Team members maintain a detailed database of potential buyers for the firm`s companies – both other companies (often referred to as “strategic buyers”) and private equity and other financial firms. They also store data on virtually all transactions completed or contemplated in the markets in which Textron competes. As a result, management has an excellent understanding of the needs of potential buyers and therefore the transactions that can be completed if Textron wants to put a business up for sale. When an opportunity arises, Textron can act quickly and decisively, minimizing disruption to its other areas of business and allowing target business leaders to focus on valuing as much as possible for potential buyers. First, just as they have acquisition teams, smart divestment firms have full-time divestment groups that continually review their companies` portfolios for likely sales and think about the time and implementation steps needed to maximize value in each individual case. Bell Canada has divested itself of its small regional businesses and the rural portions of its wireline retail operations. Some services (such as call centers and network functions) were made available to the new Aliant company on a permanent basis and others only during the transition. Aliant`s shares outperformed other Canadian regional airlines. And Bell Canada has grown as a regionally focused airline. A divestment is management`s decision to sell one of the company`s assets, whether it is a subsidiary, a factory or, as is increasingly common today, the sale of intellectual property.

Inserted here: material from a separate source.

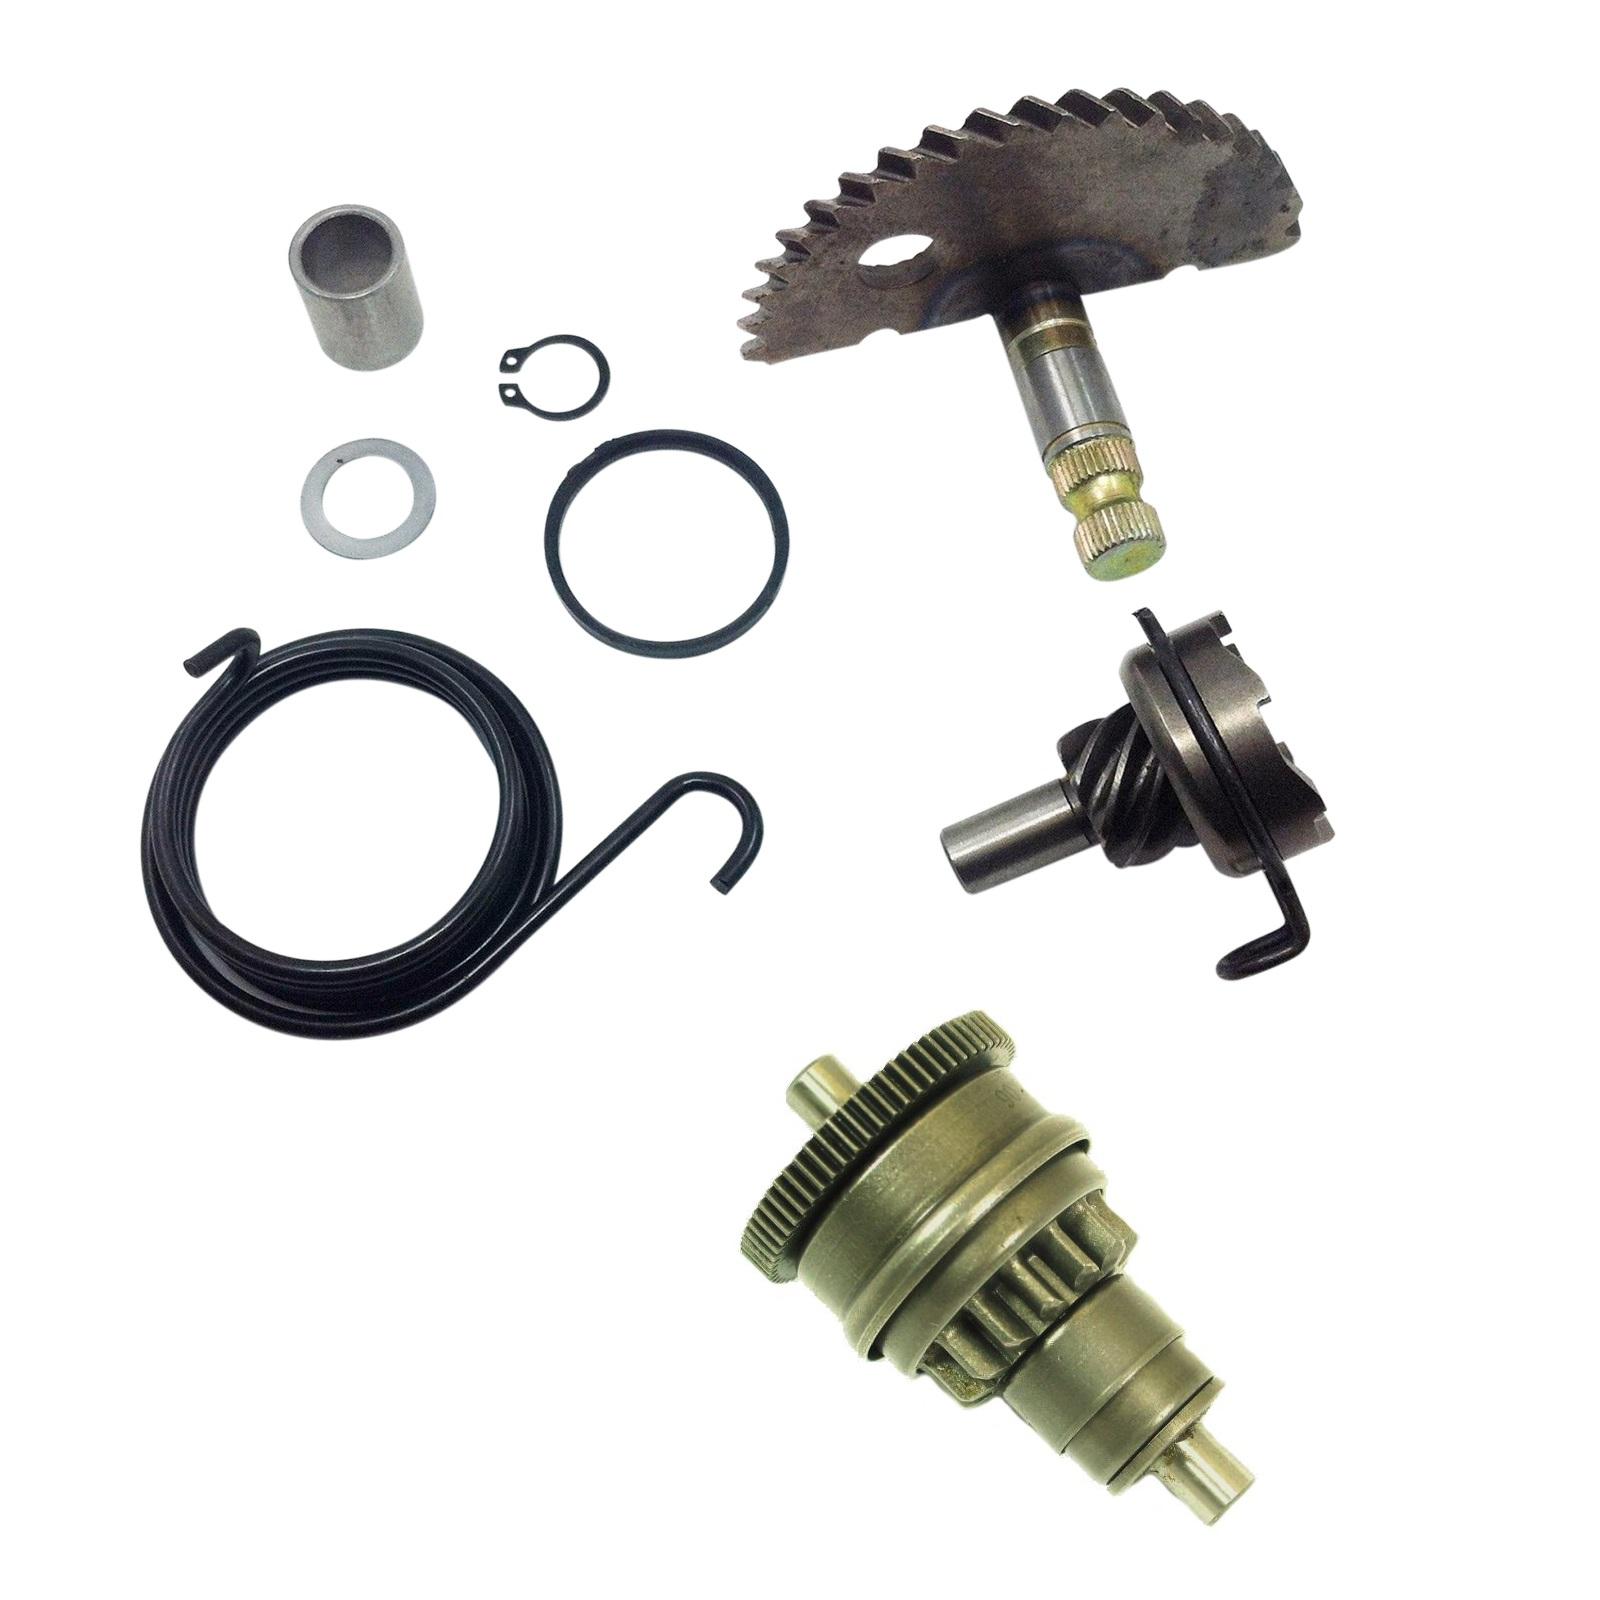 hight resolution of gy6 49cc 50cc kick start gear kit starter motor clutch gear bendix scooter moped

For example, photography firm Eastman Kodak announced in 2013 that it would sell some of its custom image processing and document imaging businesses after filing for bankruptcy the previous year. These assets are now part of the separate company Kodak Alaris. Selling an existing business or asset class that does not meet the expectations of the business or a country For example, upcoming regulatory changes or the removal of trade barriers can convince a business owner that they cannot remain competitive in a particular segment in the long term, making it easier to decide to divest an asset. Depending on the nature of the sale, talent can be a relatively minor issue or a more complex concern. In the event of a sale, employees and managers in the business unit often remain in their current roles when the company moves to a new owner. But the selling company may want to retain certain talent, such as executives with leadership potential.